Schedule VI, Part I, section 2, paragraph (d) (“section VI-I-2(d)”) zero-rates federally controlled drugs under certain conditions. Section VI-I-2(d) provides that the following drugs or substances are zero-rated:
A supply of any of the following drugs or substances:
(d) a drug that contains a substance included in the schedule to the Narcotic Control Regulations, other than a drug or mixture of drugs that may, pursuant to the Controlled Drugs and Substances Act or regulations made under that Act, be sold to a consumer with neither a prescription nor an exemption by the Minister of Health in respect of the sale,
Section 17 of the Schedule to the Narcotic Control Regulations lists cannabis, cannabis (resin), cannabis (marihuana) as well as cannabidiol, cannabinol and tetrahydrocannabinol (THC). Therefore, it is clear that marihuana is a drug or substance included in the schedule to the Narcotic Control Regulations as required under section VI-I-2(d).

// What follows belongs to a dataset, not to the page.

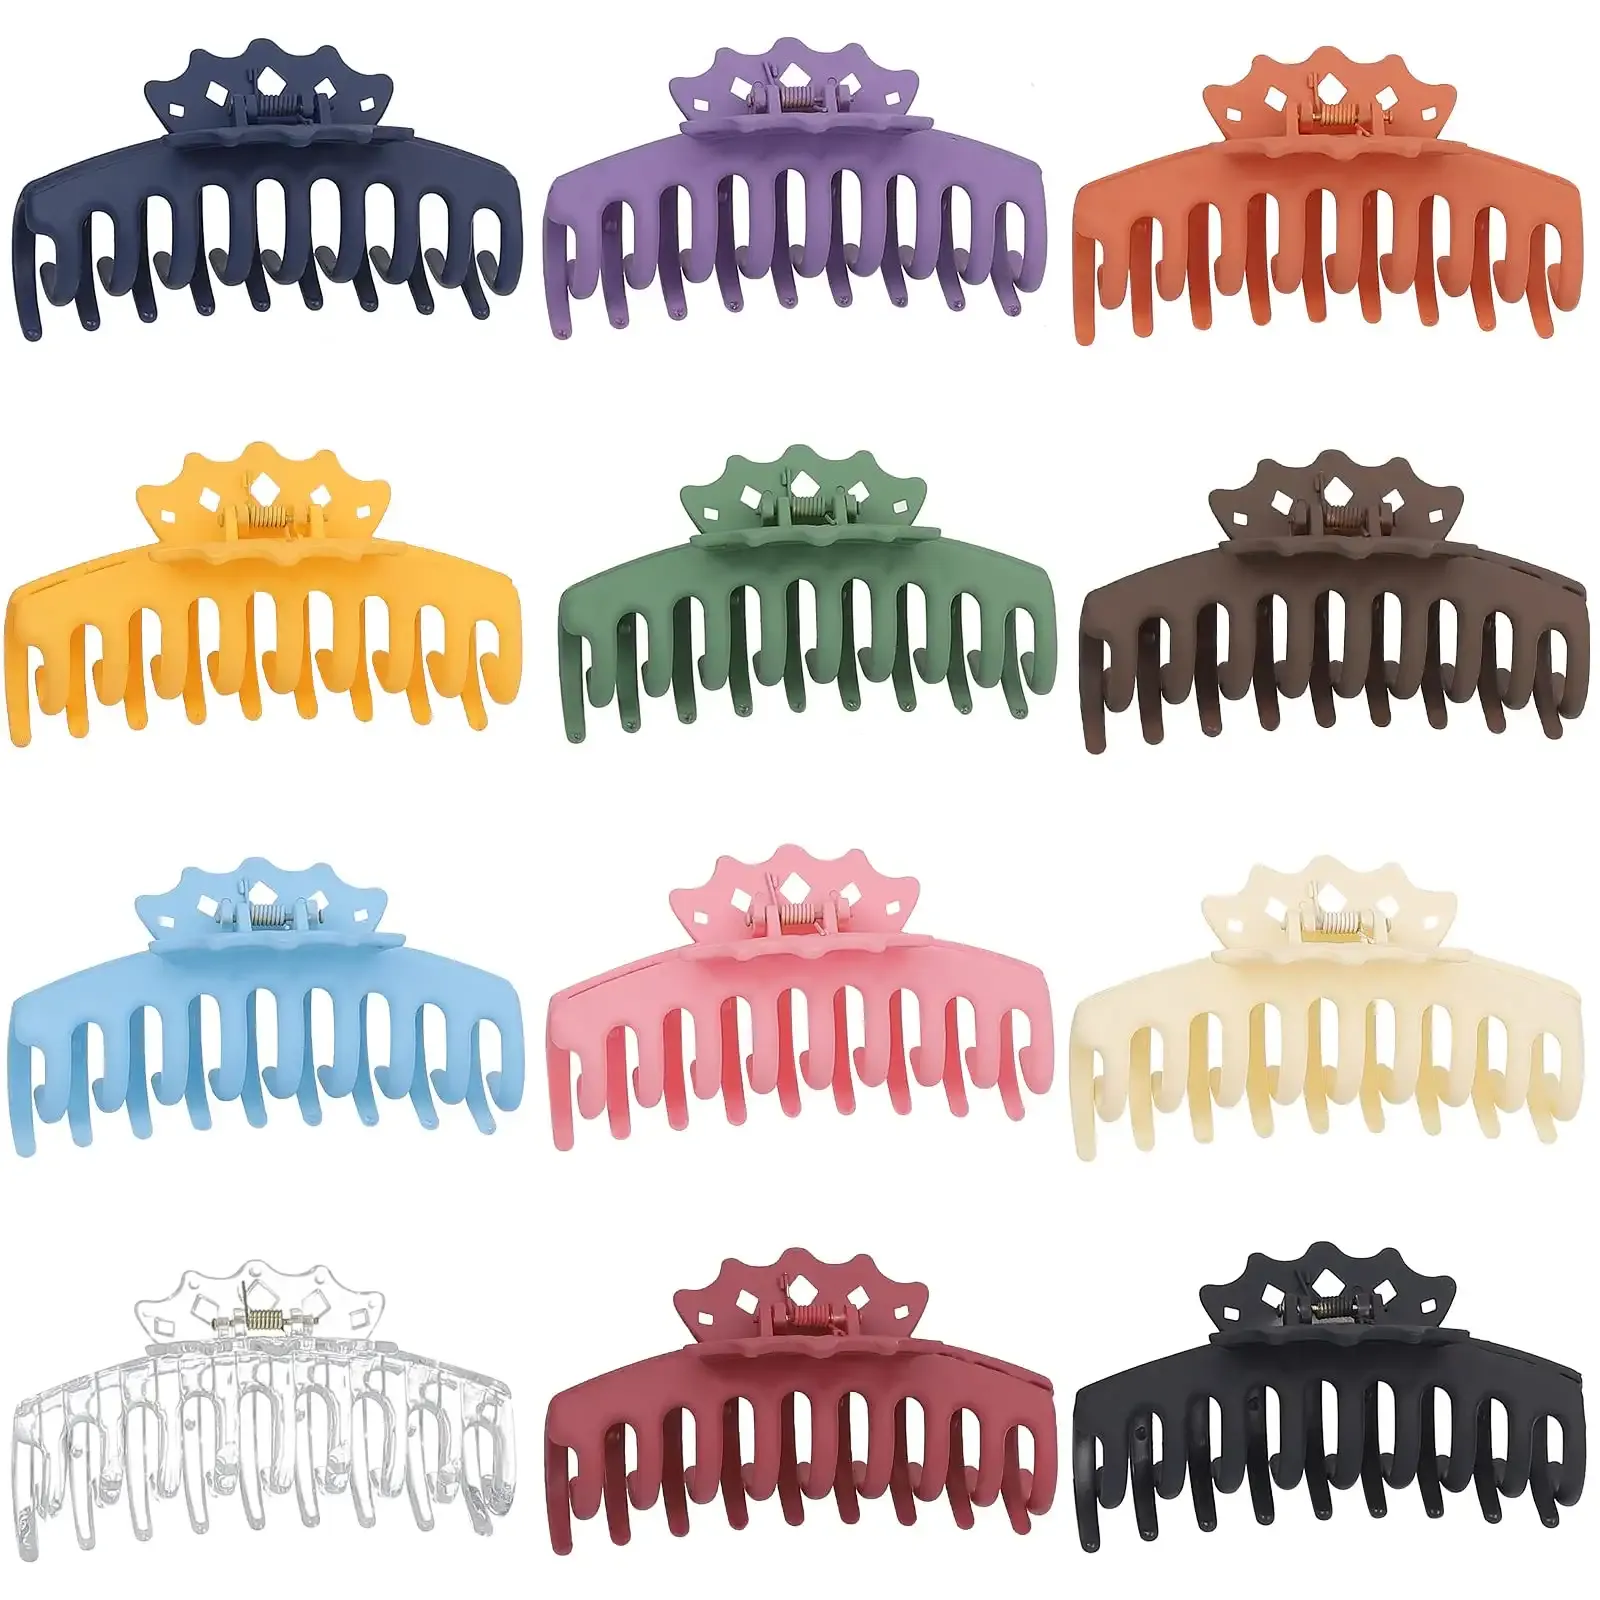 Hårklämmor Barrettes Crown Design Stor Claw for Women Matt Big Thick Banana Thin 4 2 Strong Nonslip Long Curly Styling Accessories Amxja

2. Canada Revenue Agency position
Since at least 2003, the Canada Revenue Agency (the “CRA”) has taken the position that all sales of marihuana were subject to GST/HST as taxable supplies because marihuana provided under the MMAR represented a supply of marihuana to certain consumers in limited circumstances without a prescription. The CRA took the position that an Authorization to Possess (“ATP”) issued under the MMAR was not a prescription (and not an exemption by the Minister of Health). Additionally, the CRA has routinely assessed GST/HST on sales or projected sales of marihuana from any “grow ops” referred to it by law enforcement through the CRA’s Special Enforcement Program or otherwise.
3. Hedges v. R.
The CRA’s view that supplies of dried marihuana were taxable was upheld by the Tax Court of Canada in Gerry Hedges v. R (“Hedges”). Mr. Hedges was a cultivator of marihuana who supplied dried marihuana exclusively to the British Columbia Compassion Club Society, a non-profit society established to create a legal environment for those who needed medicinal marihuana and to ensure access to an uncontaminated, safe product. The CRA assessed Mr. Hedges for GST on his supplies of dried marihuana. Mr. Hedges appealed the assessments to the Tax Court, arguing that his supplies of dried marihuana for medical purposes were zero-rated supplies under section VI-I-2(d).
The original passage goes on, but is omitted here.